What is needed is a verbatim copy of the data, minus the pictures.

DATA:
◇ ◇ ◇

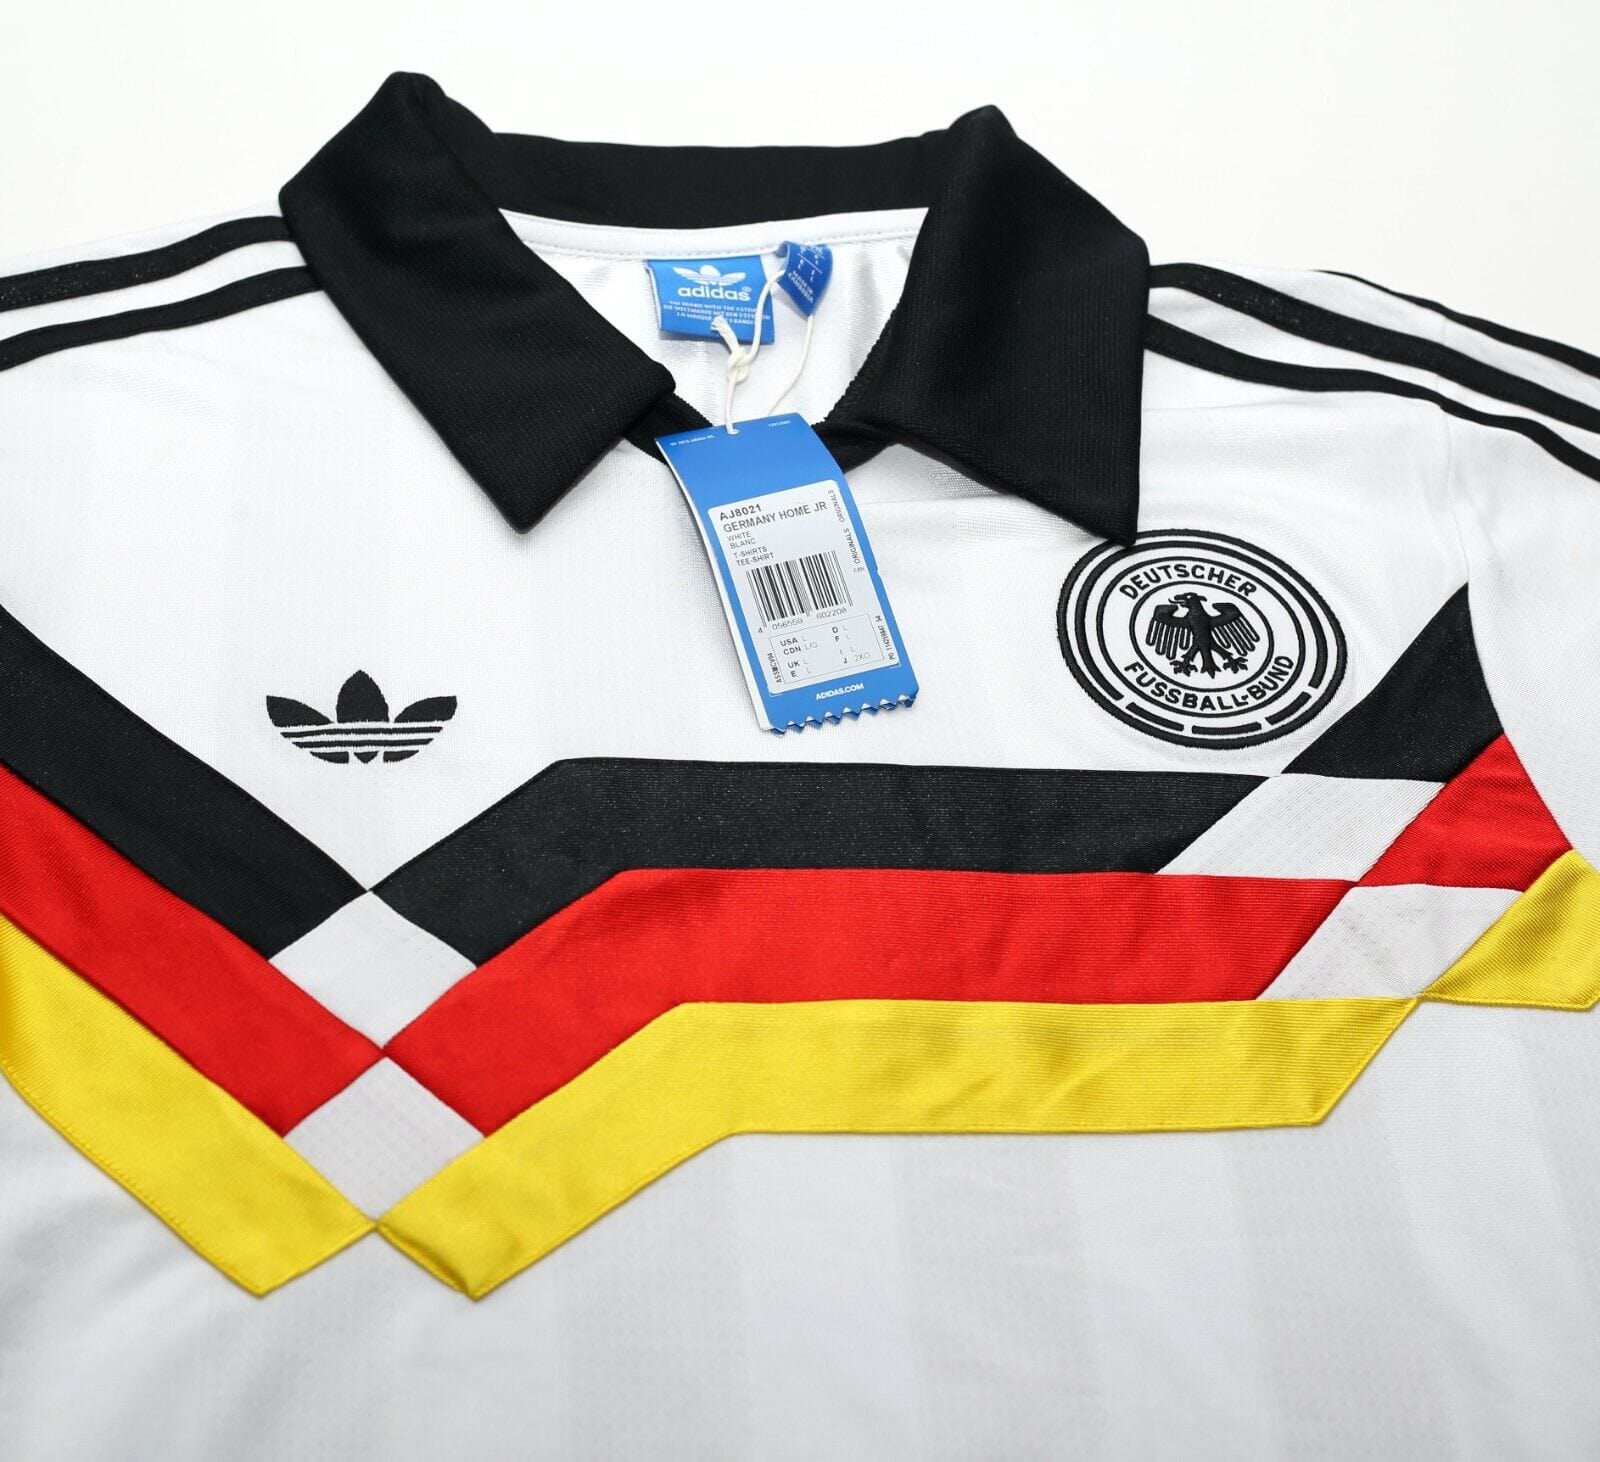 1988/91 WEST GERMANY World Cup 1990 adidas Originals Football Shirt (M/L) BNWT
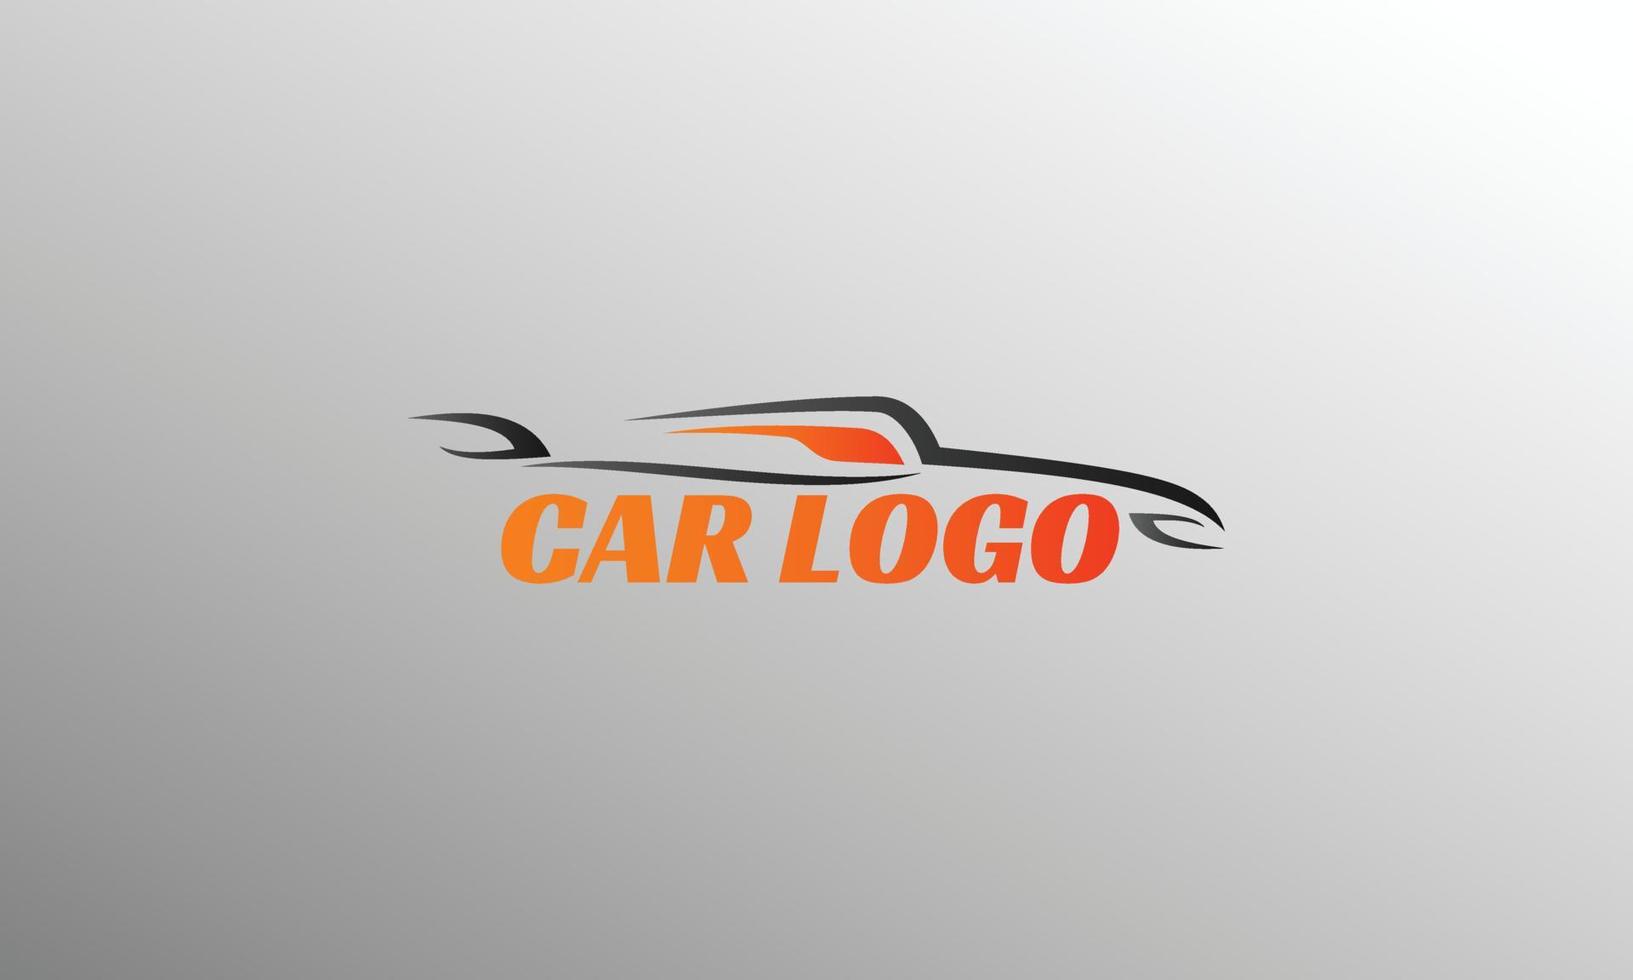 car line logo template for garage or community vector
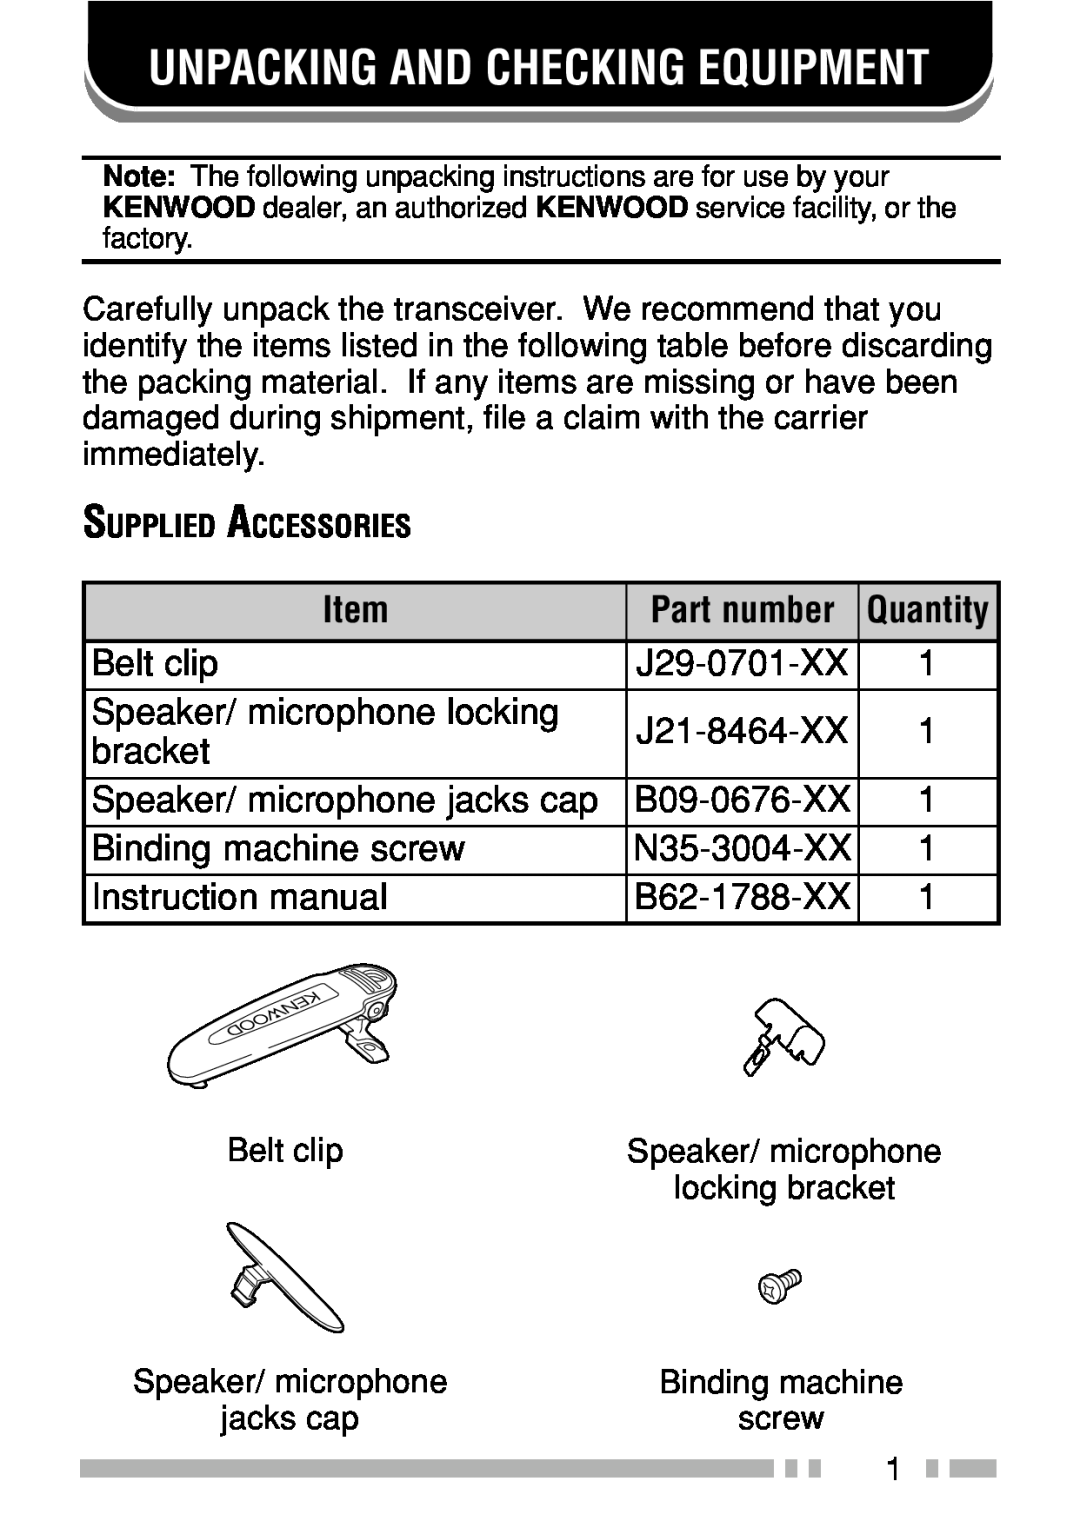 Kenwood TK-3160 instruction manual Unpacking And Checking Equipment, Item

◇ ◇ ◇

RESULT BELOW:
 1988/91 WEST GERMANY World Cup 1990 adidas Originals Football Shirt (M/L) BNWT
 car line logo template for garage or community vector
 Kenwood TK-3160 instruction manual Unpacking And Checking Equipment, Item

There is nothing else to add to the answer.